Musikalisch setzte Thielemann in seiner Auslegung der Komposition immer wieder auf Vielschichtigkeit im Detail, um diese präzise Nuancierung dann in eine machtvoll kompakte Klangarchitektur zu stellen. Statt innovativer Brüche und komplexer Dynamiken fiel die Wahl hier auf kompetent informierte Perfektionierung des Bekannten. Stimmlich und musikalisch gelang es, sich in weiten Teilen Wagners Idee des Gesamtkunstwerks anzunähern, in welchem – abermals im Anschluss an Bermbach – Text und Musik als gleichberechtigte Mittel angesehen werden, Sprache in lyrischer Form als fundamental betont wird und schließlich die drei „reinmenschlichen Kunstarten“: Tanzkunst, Tonkunst und Dichtkunst verbunden werden. Damit vollziehe sich im Musikdrama als Synthese der einzelnen Künste eine integrative Leistung aller Beteiligten. Auf inszenatorischer Ebene, die es im eigentlichen Sinne auch gar nicht gab, gelang dies nicht.

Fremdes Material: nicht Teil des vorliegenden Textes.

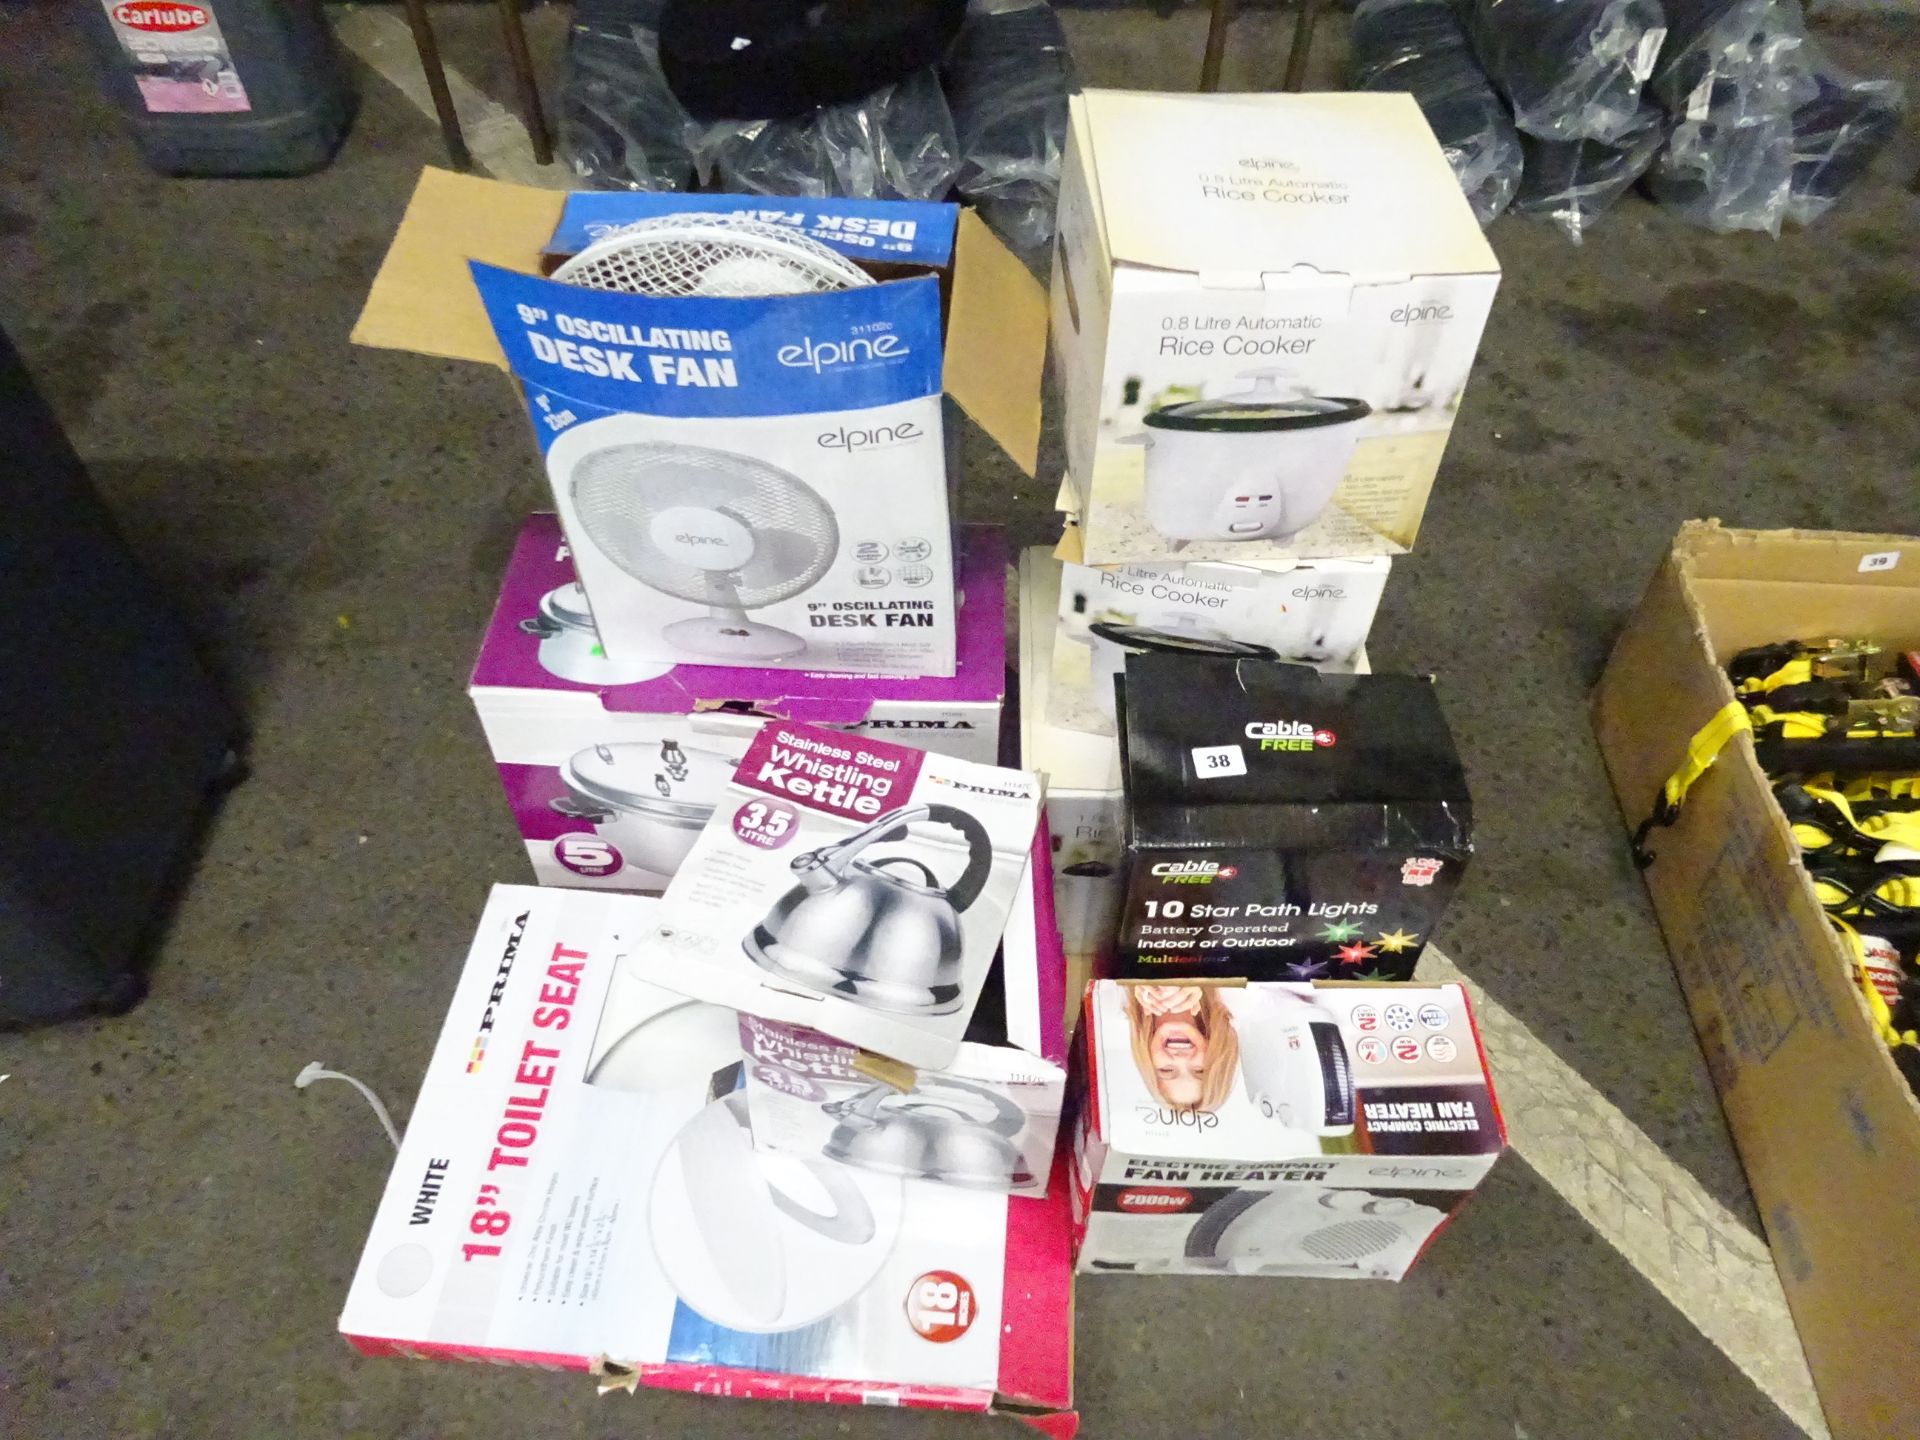 3 RICE COOKERS, HEATER, WHISTLING KETTLES, PRESSURE COOKER & ODDS

Ring 10010110 - Das Rheingold © Bayreuther Festspiele / Enrico Nawrath

Bereits als auf Einlassung angewiesenes Experiment angekündigt, setzte die auf einem geschlossenen KI-System basierende Kuration von Marcus Lobbes im Kern auf die Referenz vergangener Ringproduktionen und deren Einbettung in die Geschichte dieses für Wagners kompositorisches und gesellschaftspolitisches Werk so zentralen Ortes. Die Bühne, bestehend aus mehreren transparenten Projektionsflächen, wurde im Zuge der Aufführung live und immer wieder neu mit KI-generierten Visualisierungen gefüllt. So kam es teilweise zu visuell beeindruckenden und insbesondere durch komplexe Räumlichkeit überzeugenden Ergebnissen dieser technologischen Berechnung. Die als monolithische Punkte platzierten Sänger·innen fanden sich teilweise in mehr oder weniger konkreten Natur- oder Architekturgebilden, in an historische Inszenierungen erinnernde Szenen oder gänzlicher Abstraktion wieder. Kommunikation, Adressierung und Einlassung untereinander auf der Bühne sowie hinab zum Orchestergraben und in den Publikumsraum wurden in der Folge deutlich erschwert. An die Stelle komplexer Bezüglichkeit trat dabei unzugängliche Beliebigkeit. Die für Wagners Werke so zentrale kommunikative Einheit und komplexe Integration der verschiedenen Formen und Ebenen ästhetischen Ausdrucks wurden durch diese zu künstlerischem Ausdruck logischerweise gar nicht fähigen Technologie und den damit einhergehenden weitgehenden Verzicht auf tiefere Regiearbeit, komplexe Personenführung oder umfangreiche Dramaturgie verunmöglicht. Es ist bedauerlich, dass die intendierte und so wünschenswerte Reflexion über die Rezeptionsgeschichte des Rings ausblieb. Für Forschung und Wissenschaft ist dieses Experiment sicher instruktiv und auf technisch-handwerklicher Ebene hochinteressant. Auf der Bühne gelingt dieser Auftakt zum „Ring 10010110“, jedoch leider nicht. Mit dem letzten Vorhang und dem Ausklingen der so gelungenen stimmlichen und musikalischen Gestaltung setzte schließlich eine Woge enttäuschter Buhrufe ein; folgerichtig nach einer Aufführung, bei der möglicherweise bereits die konzeptuellen Prämissen nicht stimmten. Hier konnte nichts mitgeteilt oder geschaffen werden. Statt berührender Faszination wirkten Entfremdung und Belanglosigkeit.